Stephan Sandenbergh wrote:
Hi,

Thanks this is good advice.

Pointing the spectrum analyzer to fc + delta seems to be similar
than deducing phase noise from the ZCD output since this would be with
reference to (fc + delta) in any how? Provided the aliasing issue can be
sorted.

Regarding the aliasing issue - in order to plot phase noise up to 100kHz I
would use a 300kHz beat sampled at 100MHz (which is the sampling system I
got available). Obviously, making sure I have sufficient bandwidth in all
areas.
The definition requires that both the noise at fc + delta and the noise at fc-delta be added to obtain the phase noise at an offset of delta.
This is easy to do either in an FPGA or in post processing.
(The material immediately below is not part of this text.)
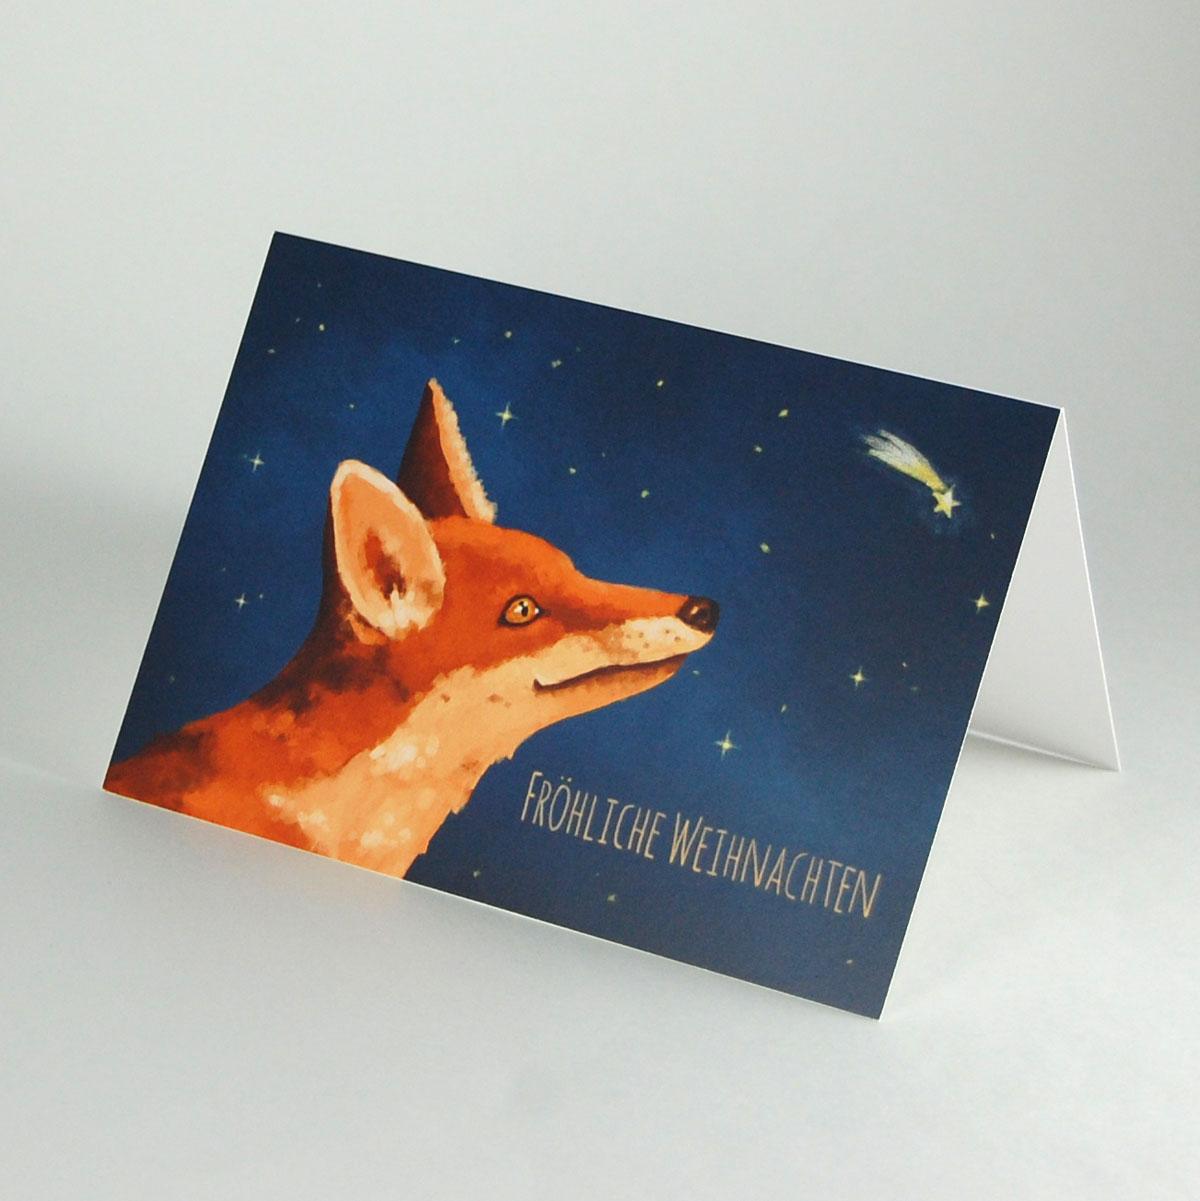 Gemalte Weihnachtskarten.Gemalte Weihnachtskarten Meike Teichmann Merry Christmas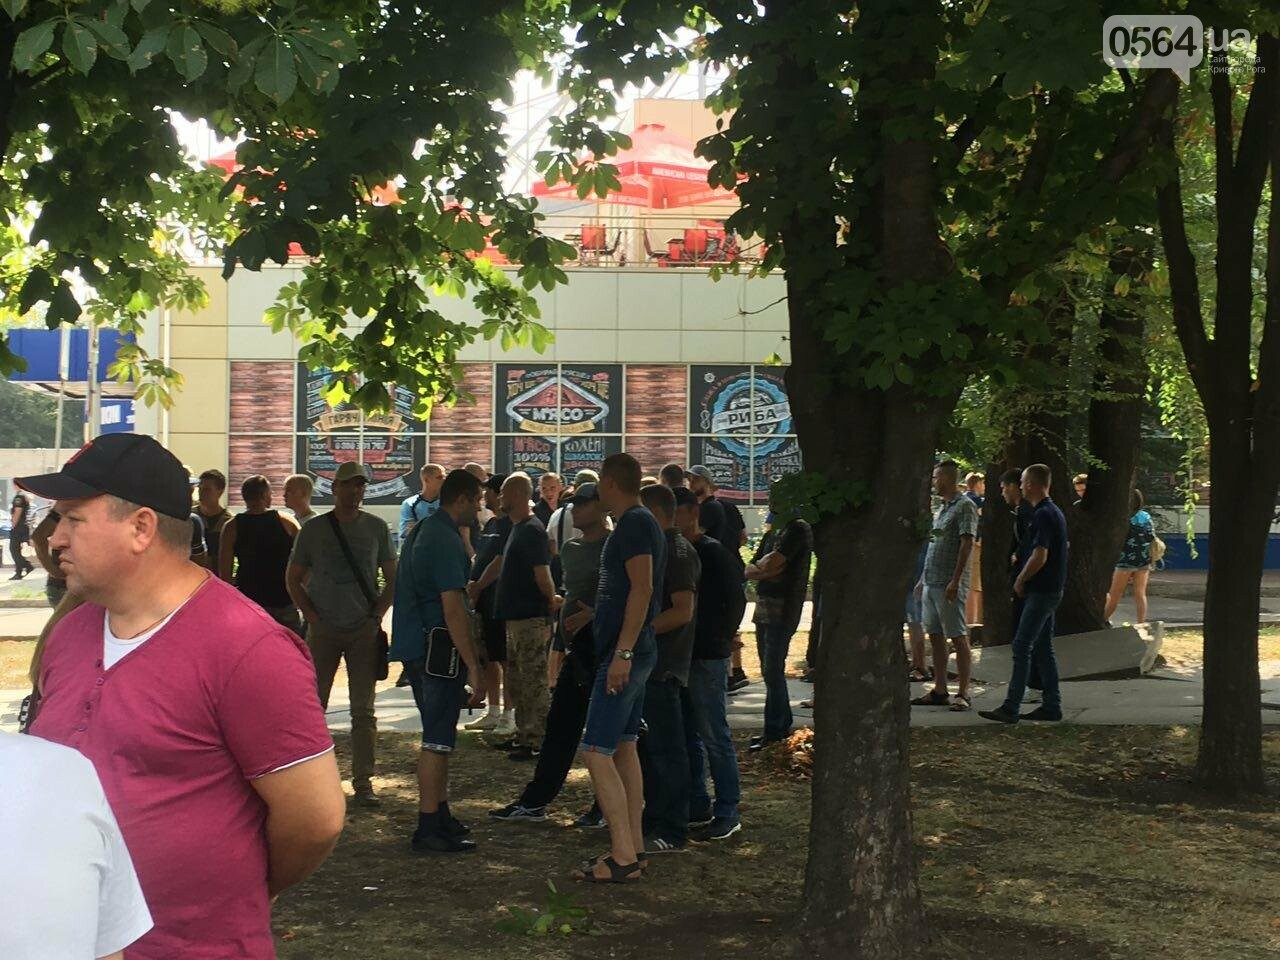 Трубят рога: В Кривом Роге собрались противники ЛГБТ-движения, - ФОТО, ВИДЕО, фото-6

If you are sampling at 100MHz then the post mixer filter only need limit the bandwidth sufficiently to eliminate the mixer sum product and keep the noise signal within the bandwidth of the following amplifier. Additional filtering if required can be implemented as digital filters.

Note with a 300kHz beat frequency phase noise components at offsets greater than fcarrier + 300KHz will be folded into the mixer output spectrum so using a carrier bandpass filter with a bandwidth smaller than the beat frequency may be advisable.
Cheers.

Stephan.
Bruce

On 10 March 2011 10:50, Bruce Griffiths<bruce.griffi...@xtra.co.nz>  wrote:

For conventional phase noise measurements at offsets in the (10Hz, 20kHz)
range one can use a sound card with a low noise preaamp.
Suitable sound card preamps with lower noise floors than Enrico's or
Wenzel's designs can be built using readily available components.
Wider bandwidths ( up to 1MHz or so) are not difficult to achieve.

Bruce


Stephan Sandenbergh wrote:

Hi,

Cross-correlation a very clever idea! Thanks for the reference - Rubiola
got
some good sources of reference on his home page.

One thing though - for a phase-noise kit one will probably need to replace
the ZCD with a low-noise amplification stage of around 80dB to be to allow
sampling at ADC voltage levels?

Cheers,

Stephan.

On 8 March 2011 22:28, Magnus Danielson<mag...@rubidium.dyndns.org>
  wrote:



On 03/08/2011 07:46 PM, Stephan Sandenbergh wrote:



Hi,

I recently noticed something interesting: The DMTD measurement gives a
set
of phase values x(t). From which fractional frequency y(t) is
calculable.
So
now it seems viable to plot the spectrum, Sy(f) and if you scale it
properly
you arrive at Sphi(f). If I'm  not making a gross error somewhere the
math
seems to check out. But, I'm wondering is there a physical reason why
this
isn't valid?

I have not seen this being done anywhere - so I assume there is.
However,
it
seems possible to plot Sphi(f) for 1Hz<    f<100kHz when having a vbeat =
100kHz sampled for 1 second.

I'm familiar with the loose and tight phase-locked methods of measuring
phase noise, but am quite curious to know if phase noise from a DMTD
measurement is a valid assumption.

I would guess that if the frequency domain phase noise measurement
requires
phase-lock then the time-domain measurement requires as well. However,
here
in lies my real interest - two GPSDOs are phase-locked (not to 1Hz,
something far less I know) so can it be possible to measure GPSDO Adev
and
phase-noise using a single DMTD run? Am I making a wrong assumption
somewhere?



An architecture not completely different to the DMTD architecture is used
in phase-noise kits. Instead of having two sources and one intermediary
oscillator is instead there one source and two intermediary oscillators.
The
oscillators is locked to the carrier frequency rather than an offset. The
mixed down signal is then cross-correlated to get the spectrum.
Increasing
the averaging factor and the spectrum can be suppressed below that of the
intermediary oscillators. Since the two intermediary oscillators have
uncorrelated noise, the external noise is what correlates over time. This
technique is simply called cross-correlation. Such a cross-correlation
setup
can run very close to the carrier in terms of offsets.

In contrast will a DMTD with it's offset frequency be problematic at low
offsets since the positive and negative offsets noise will not occur at
the
same frequency in a DMTD setup. Consider a a DMTD with a 10 Hz offset,
pointing a spectrum analyzer on 100 Hz will measure the down-converted
average of carrier+(100-10) Hz and carrier-(100+10) Hz, thus carrier+90
Hz
and carrier-110 Hz.

Creating a mixed-mode setup for phase-noise/DMTD will however be
possible.

So, DMTD as such is relatively limited, but add an RF switch and another
oscillator and you get a cross-correlation phase-noise kit.

To turbo-charge the phase-noise kit use a quadrature combiner and
amplitude
adjustment to create a interferometric mixdown, working around part of
the
mixer limitations. Enrico Rubiola has writen about this approach.